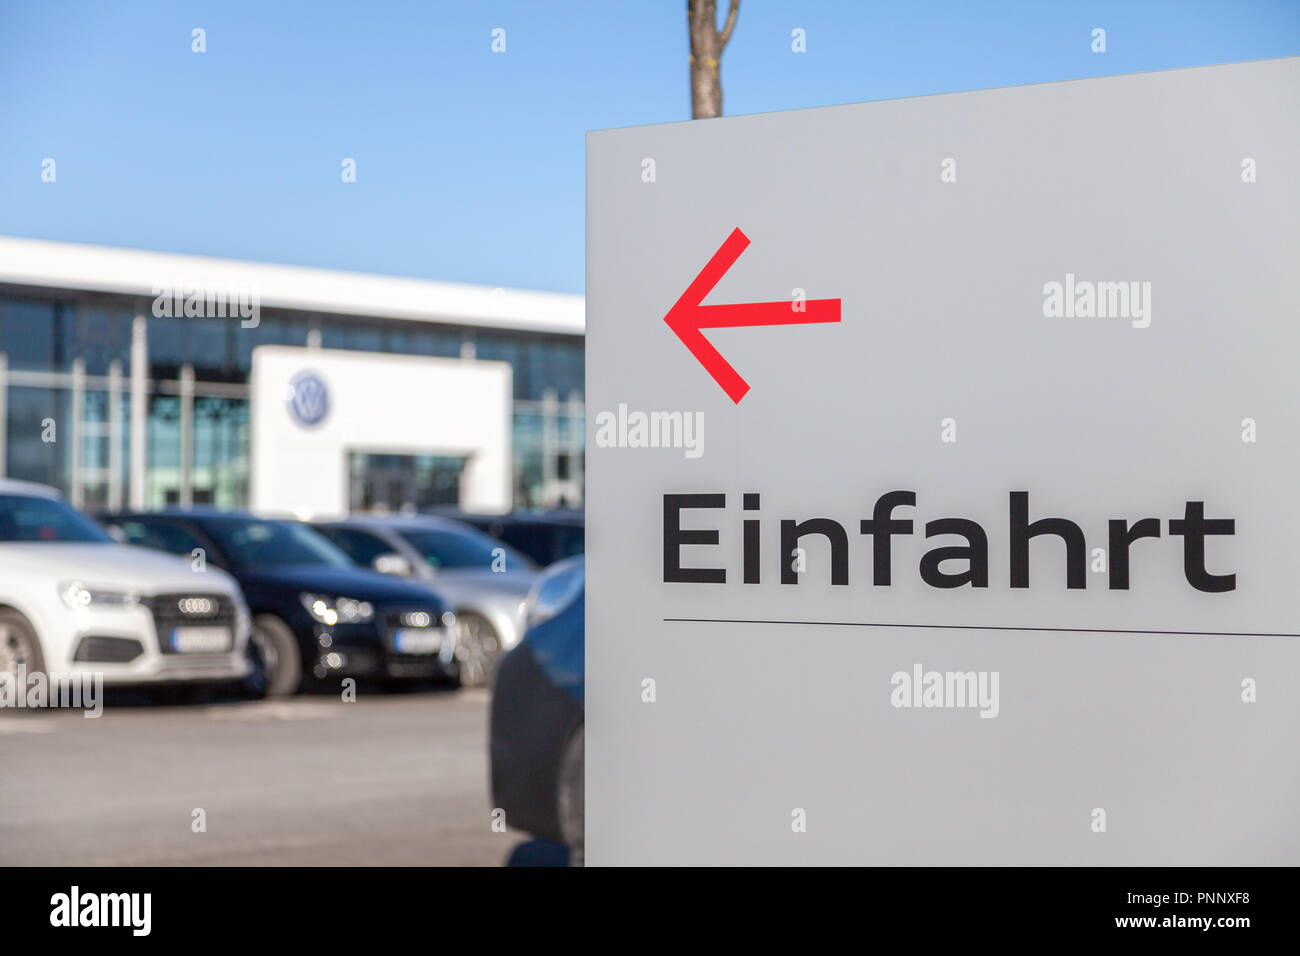 FUERTH / ALLEMAGNE - 25 février 2018 : Einfahrt panneau près d'un concessionnaire automobile Volkswagen. Einfahrt signifie l'entrée. Volkswagen est une marque allemande fondée sur 28 Banque D'Images
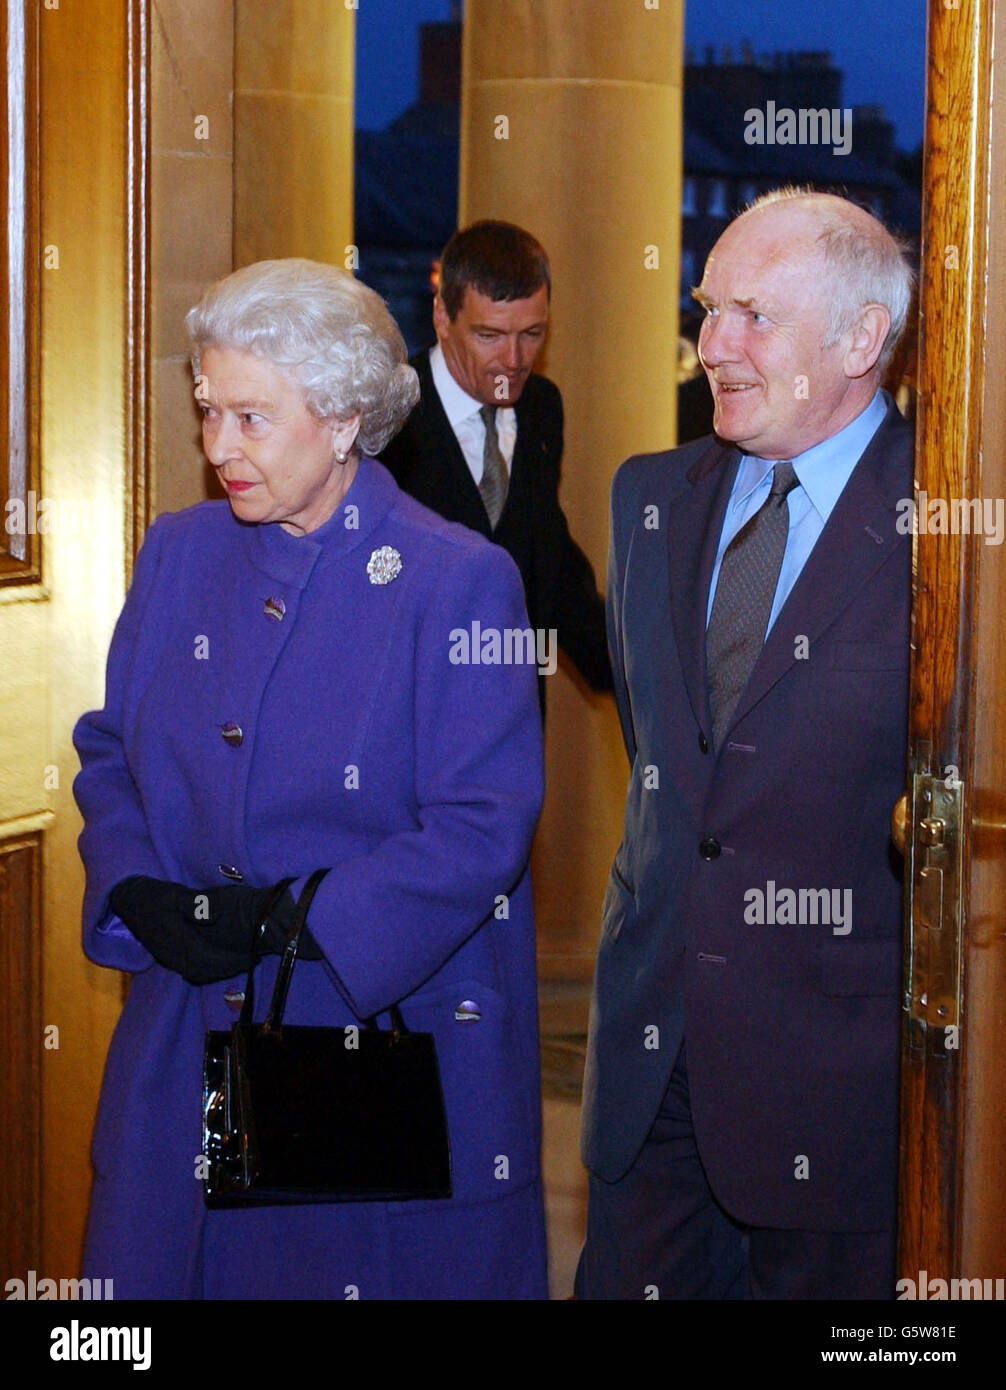 Königin Elizabeth II. Mit dem nordirischen Außenminister Dr. John Reid (rechts) im Hillsborough Castle, Nordirland. Die Königin kam heute Abend in Nordirland an, während der letzten Etappe ihrer Golden Jubilee-Tour. Stockfoto
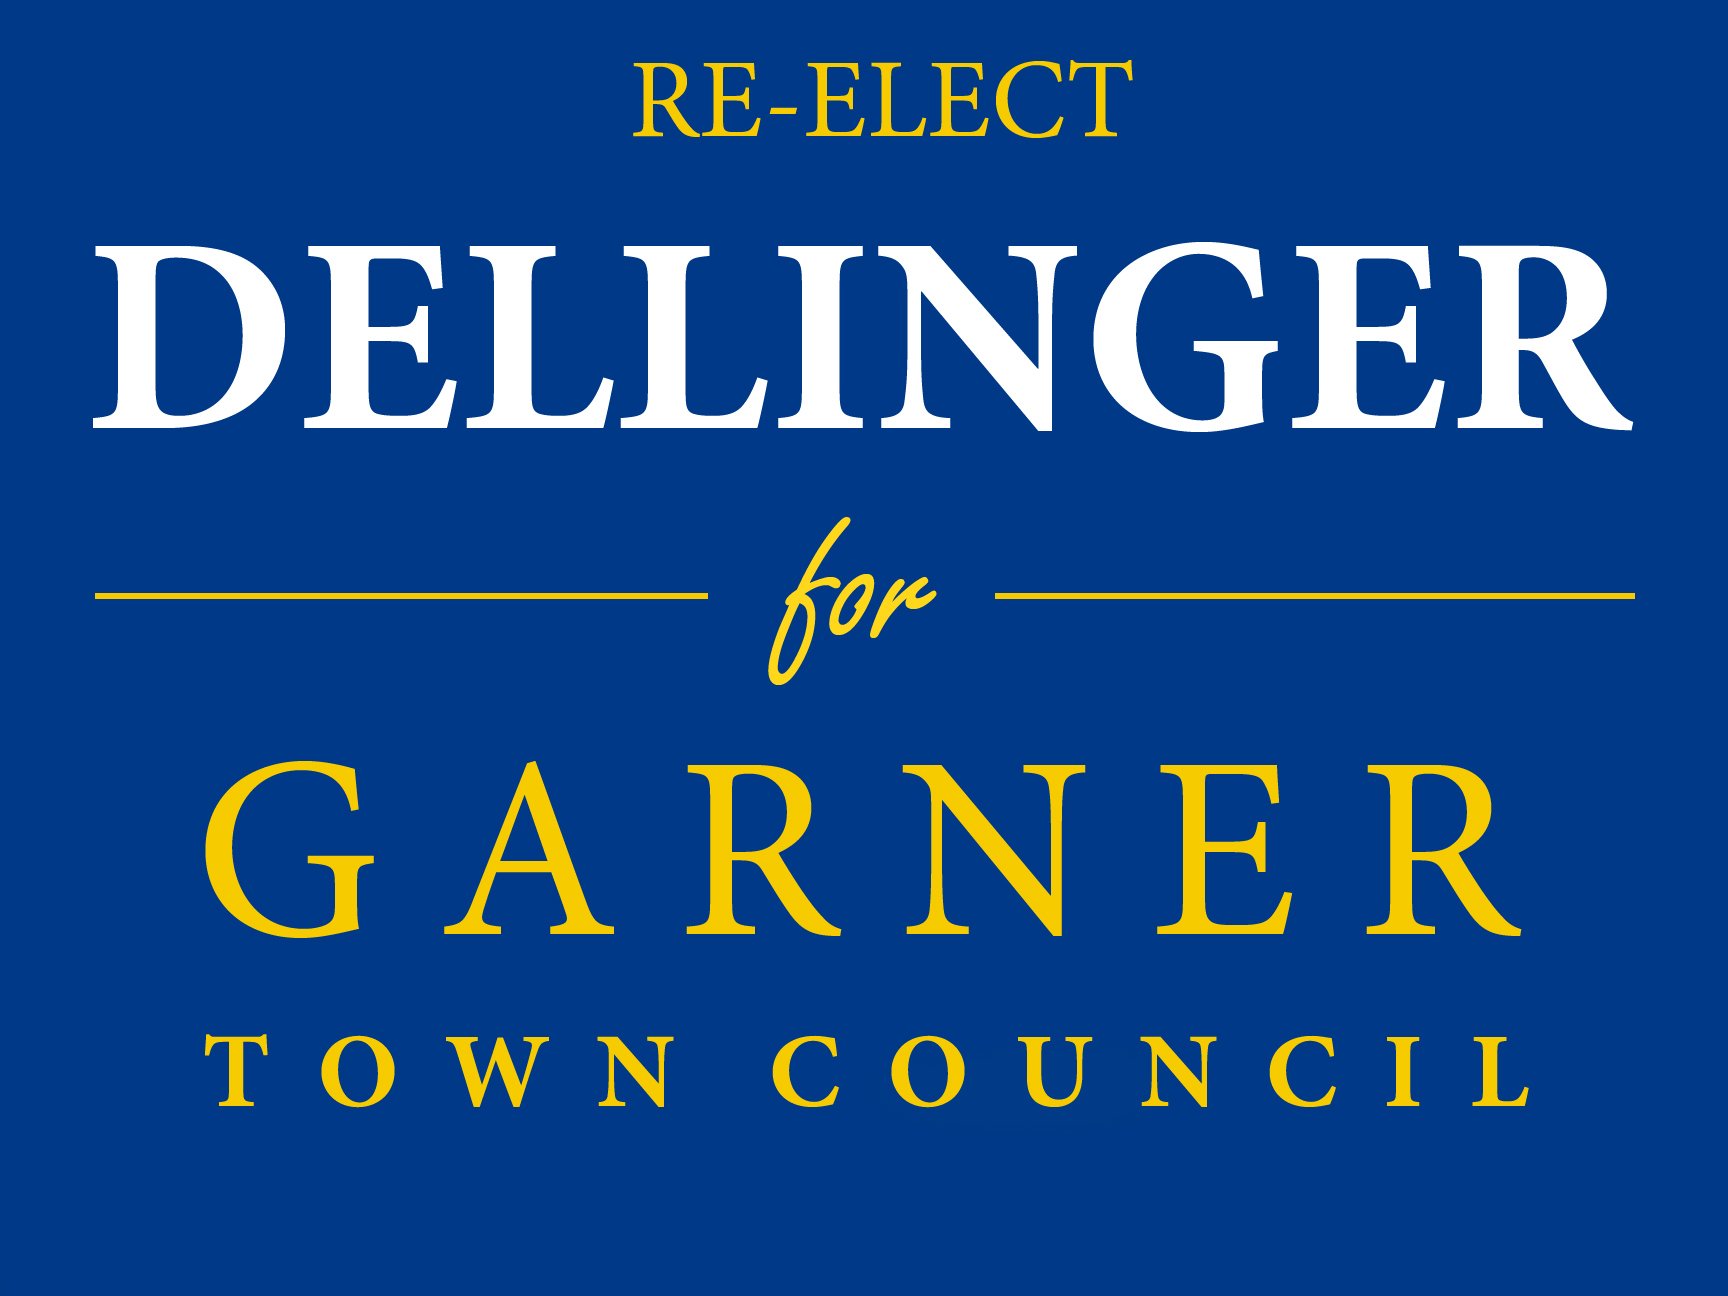 Dellinger for Garner
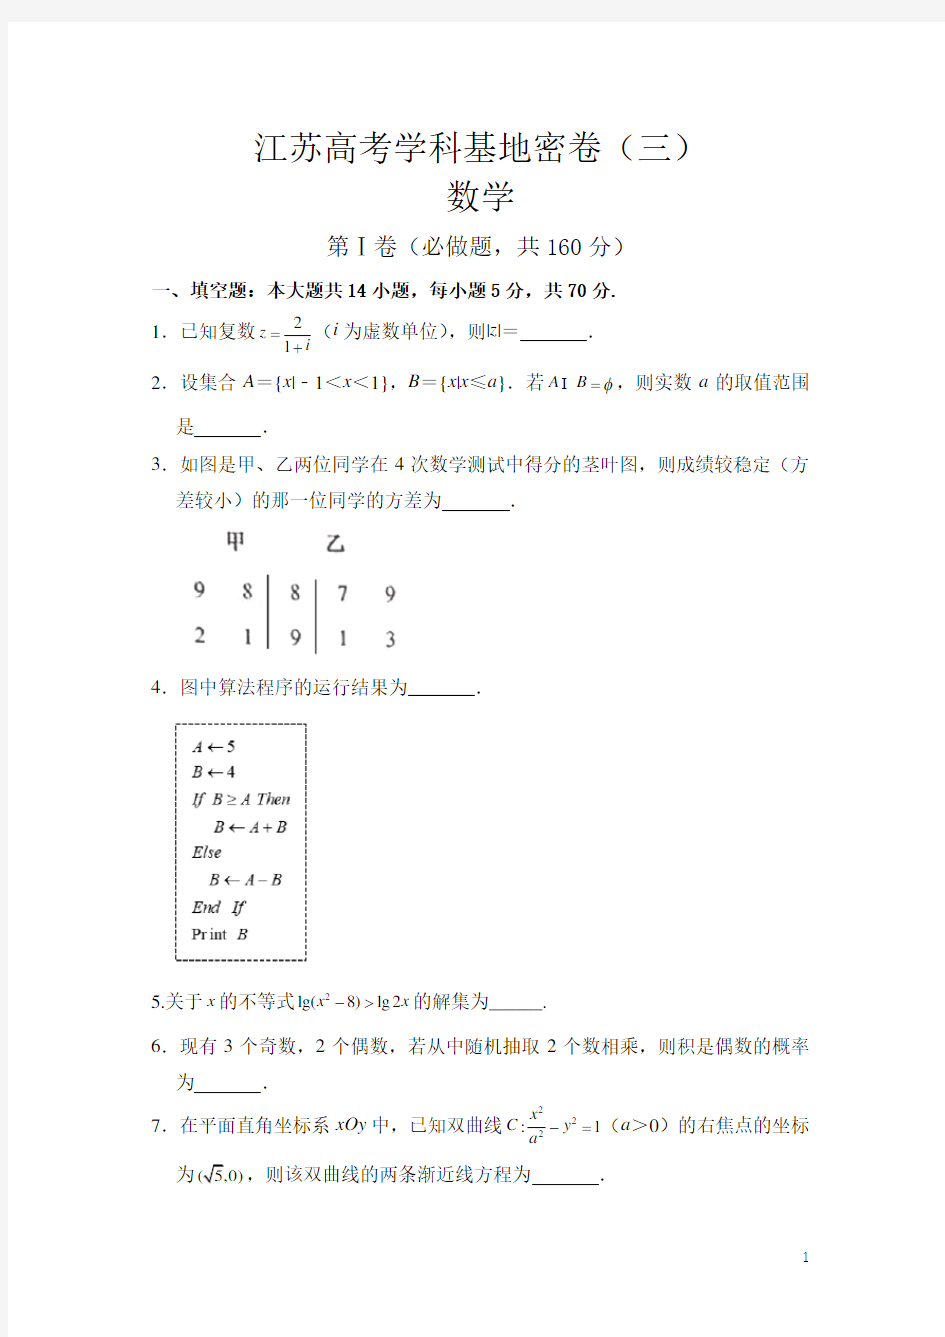 2020届江苏高考学科基地密卷(三)数学试题含附加题
#####
### WORK ORDER
Retype the entire listing exactly as it appears, dropping only the pictures.

### COMPLETED EXERCISE
 FUERTH / ALLEMAGNE - 25 février 2018 : Einfahrt panneau près d'un concessionnaire automobile Volkswagen. Einfahrt signifie l'entrée. Volkswagen est une marque allemande fondée sur 28 Banque D'Images
 Königin Elizabeth II. Mit dem nordirischen Außenminister Dr. John Reid (rechts) im Hillsborough Castle, Nordirland. Die Königin kam heute Abend in Nordirland an, während der letzten Etappe ihrer Golden Jubilee-Tour. Stockfoto
 Dellinger for Garner
 2020届江苏高考学科基地密卷(三)数学试题含附加题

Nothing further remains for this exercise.